Right up there with, “you call that music?”, “now, that was real dancing!” and the classic “close that door, did you grow up in a barn?”, one of the most time honored parental refrains is “money doesn’t grow on trees.”
It’s true, money doesn’t grow on trees, but paper does and it seems that when it comes to the impending stimulus funding, it seems we have one problem papering over another.
Leave alone for a moment the philosophical principal of the federal stimulus package that was signed into law this week; much like the decision to invade Iraq, or pass the last federal bailout package, like it or not, it is a done deed now, and we all have to deal with the consequences.
No, what is troubling about this particular bailout package is the disturbing lack of accompanying details.
If it were simply a matter of passing the bucks onto local governments to apply as they see fit, we might applaud the practice, but in this case, the buck has to wind its way through the state level and, in Maine’s case, our state government has shown a remarkable inclination to play fast and loose with the facts.

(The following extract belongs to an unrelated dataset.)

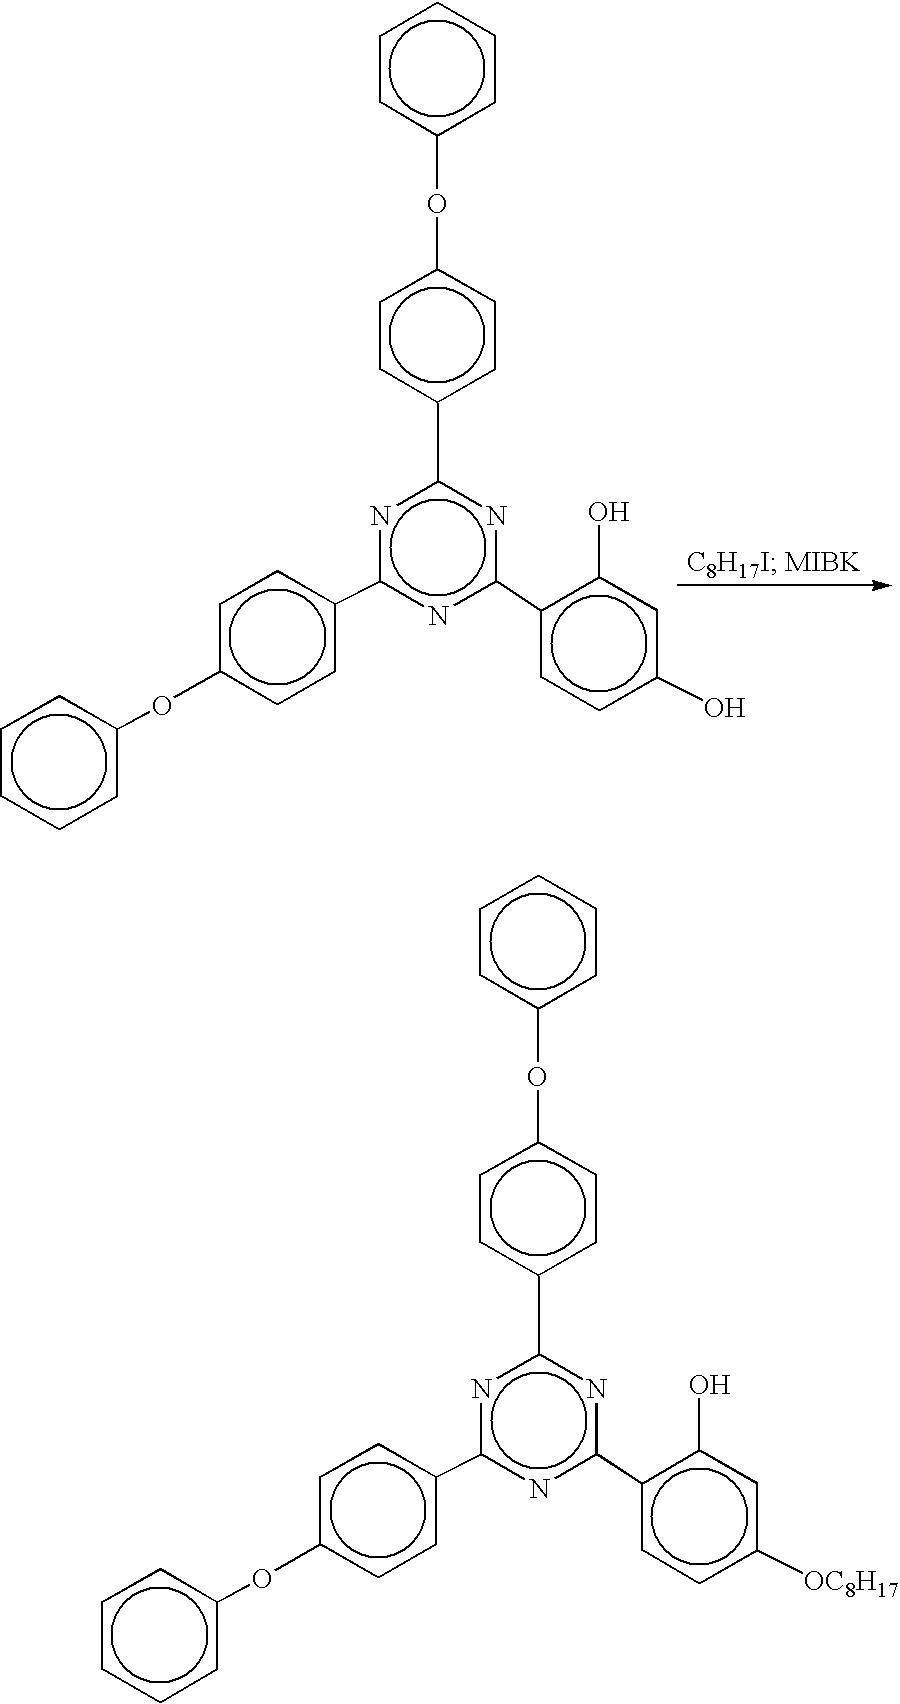 Figure US06855269-20050215-C00020

Remember that vote to force the state to pay 55 percent of total public education costs, including 100 percent special education costs? It hasn’t happened. Not even close.

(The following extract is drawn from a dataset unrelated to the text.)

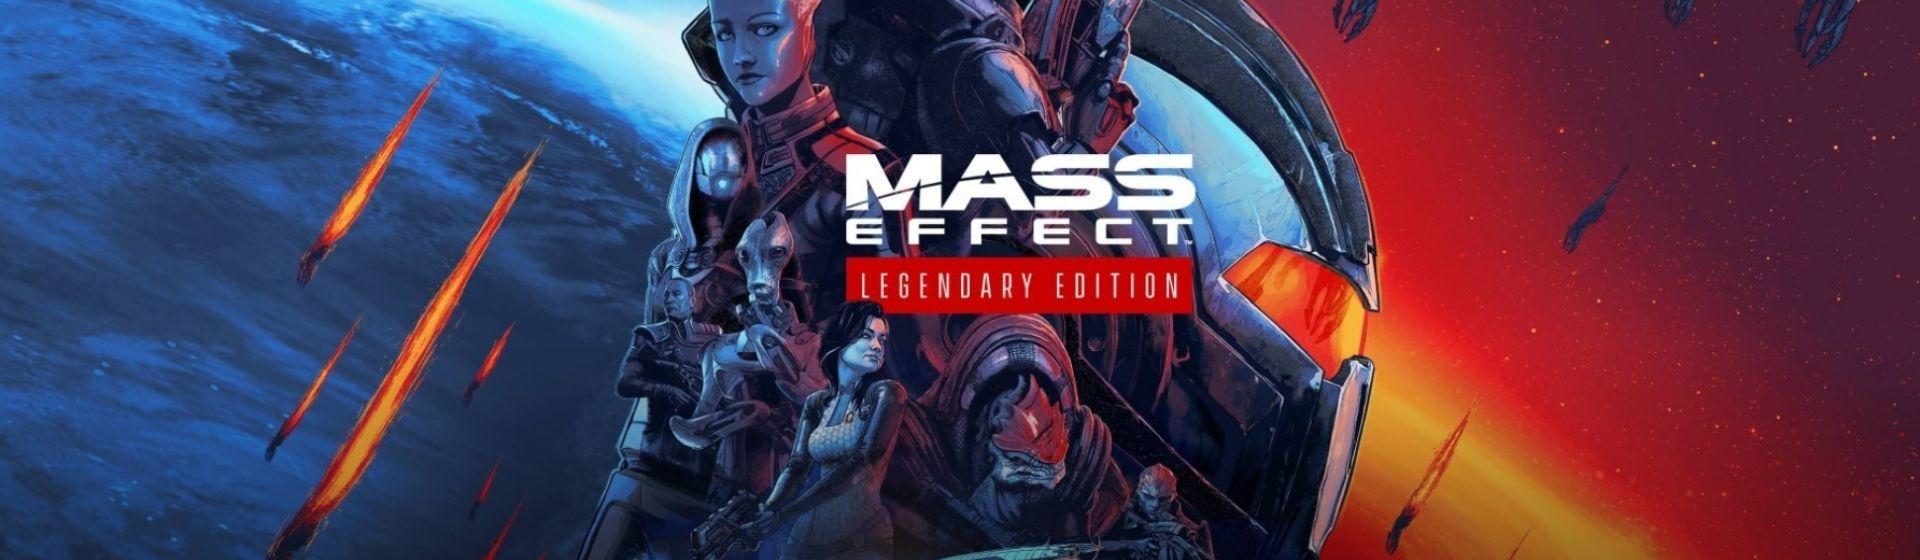 Mass Effect Legendary Edition: lançamento, trailer, preço e mais

Worse yet, a look inside the numbers shows how programs have been shifted around to actually shrink the bottom line in special education, which correspondingly makes the state’s contribution percentage appear to increase; but what was clearly the intention of the taxpayers hasn’t been addressed.

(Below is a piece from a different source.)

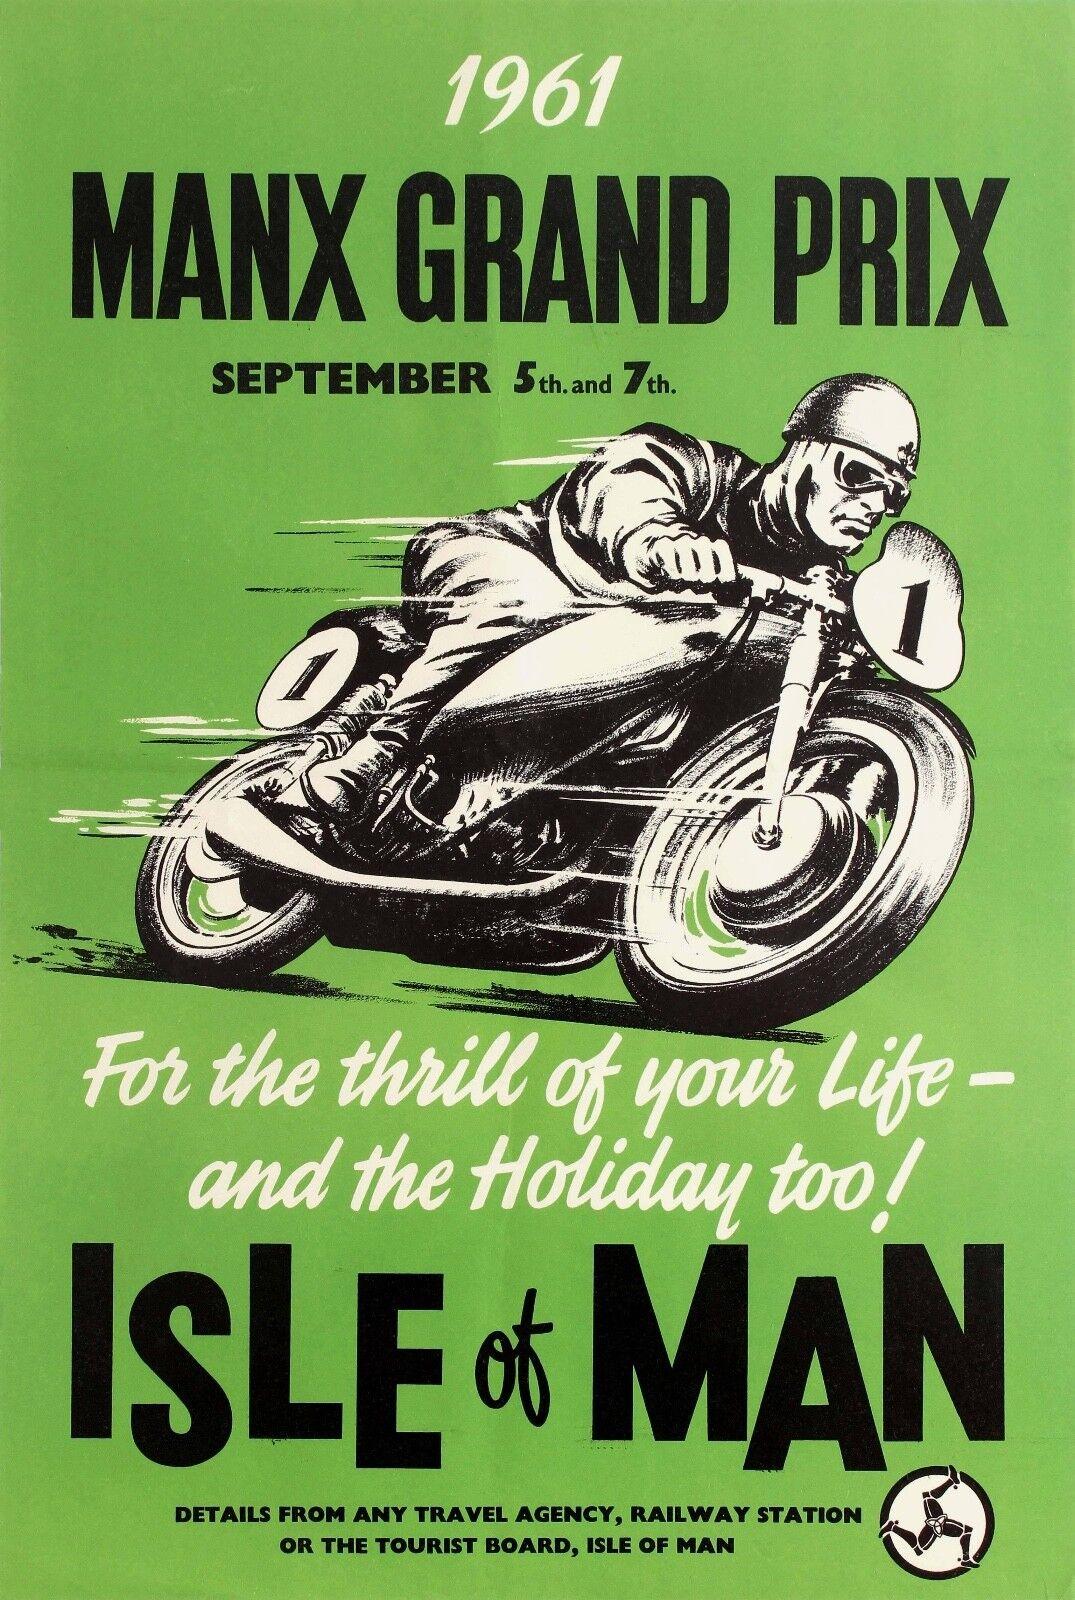 MANX GRAND PRIX (TT) 1961 Vintage Moto Toile/Photo/Art Poster Toile/Photo/Art Moto Imprimé b5e2b2

Of course Dirigo is a well-established fiasco and that hasn’t stopped us from throwing good money after bad.
When it comes to this stimulus package, we have a federal government, already trillions of dollars in debt, passing major cash infusion on to a state government that has no track record of playing straight up.
It’s enough to create room for doubt as to how effective a citizen veto of Gov. Baldacci’s prized school consolidation package next fall will actually be.